Topologically Crazy for my Future Baby

On or about July 3rd 2017 my wife and I are expecting our first child.

Naming your child is one of the biggest decisions faced by parents and one that can change the course of your child's life. Preparation become doubly more difficult when you are one of the select few who want to be surprised by your new born's gender, a decision my wife and I made. Whether you know the gender ahead of time or not, naming your child is a task that both deciding parties can have widely diverging views on. It is also a decision, whenever and however it is made, both parties need to feel good about when it is all said and done. Needless to say it is typically a challenging process. As my wife and I ventured down the path of exploring baby names I hypothesized that data and machine learning may be a fun tool and powerful to assist me and possibly even my wife in this difficult process.

Being an evangelist for topological data analysis [TDA] I thought may work to generate baby names. Adding fuel to the fire, in early March of 2017 I discovered a relatively new topological data analysis algorithm called Growing Neural Gas [GNG] that I was excited to explore. As I mentally prepared for impending commencement of baby name negotiations I decided learn how to use Growing Gas algorithim and then mix its results with the SOMs I often use to cluster and explore data and see if this crazy pair may help me find names I like for my future daugher or son.

Here is how I did it.

First thing I needed was data. For that I built a function that downloads and munges the a long history of U.S. baby names from the Social Security Administration [1881 to 2015]. Once you have the data you need to make it friendly for topological data analysis which means each row has to represent an item, in this case a name, and all the columns must be numeric features.

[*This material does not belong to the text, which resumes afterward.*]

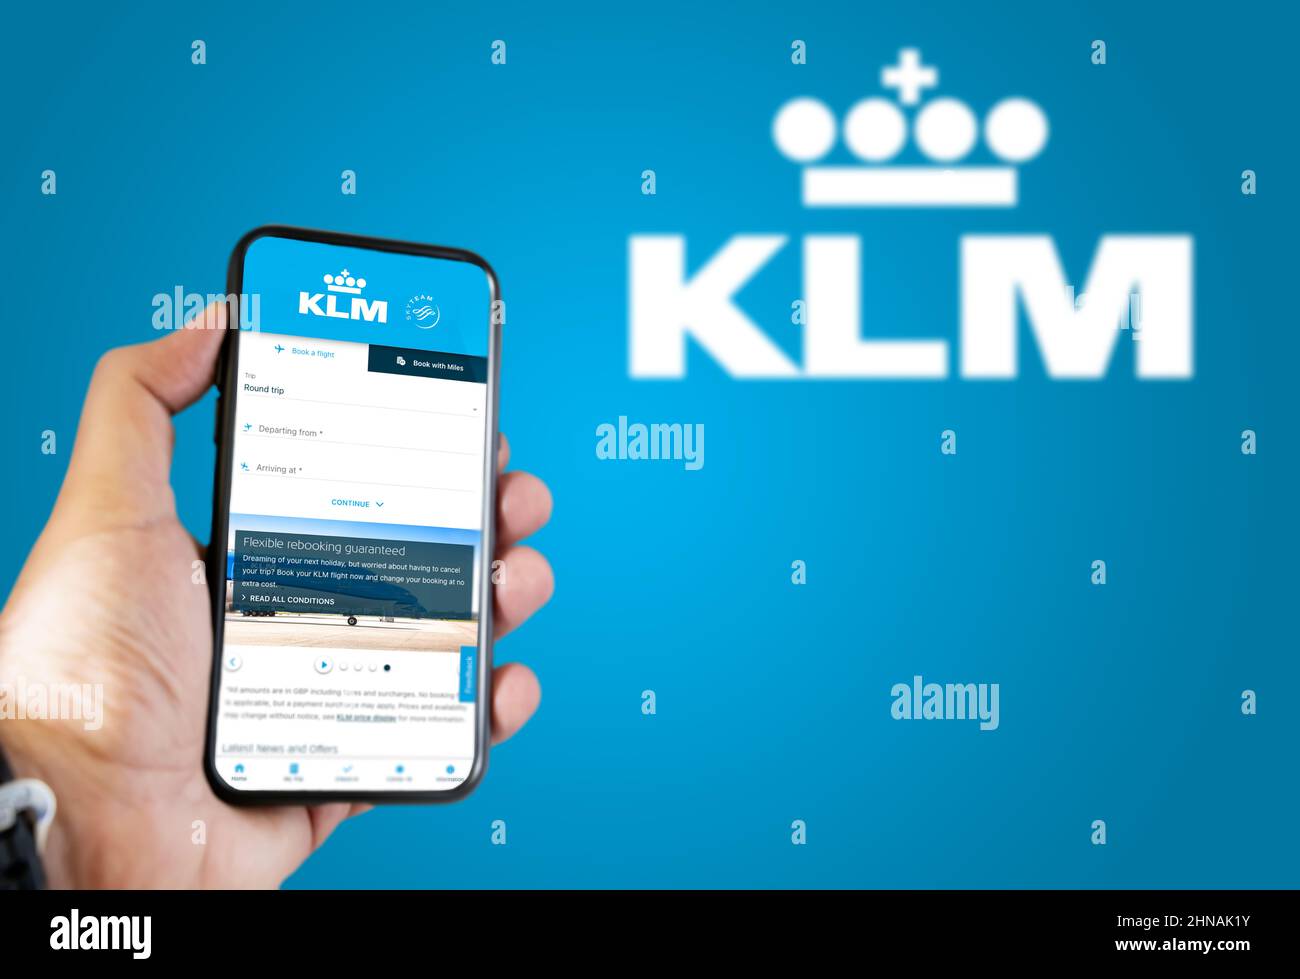 Amsterdam, NED, October 2021: Hand holding a phone with KLM Airlines flight booking application. KLM Airlines logo blurred on a blue background. Booki Stock Photo

To do that I first filtered out any baby names that appeared in less than 15 unique years. Next you must make sure the data is normailzed, which in this case means making sure that numeric counts are represented as portion. The next and most crucial part was to take this relatively sparse set of data by year and make it more robust. To do that I settled on a bunch of calculations that encompass a name's popularity within a decade. I subjectively settled on the minimum, maximum, standard deviation and overall proportion of appearances for each name by decade. Next, I created the final input matrix by joining together the decade data with information about how often the name appeared since 1881 and the actual proportions of each name for each year. Finally I scaled the huge 235 by 13,851 [boys] and 235 by 21,886 [girls] feature matrices to a mean zero.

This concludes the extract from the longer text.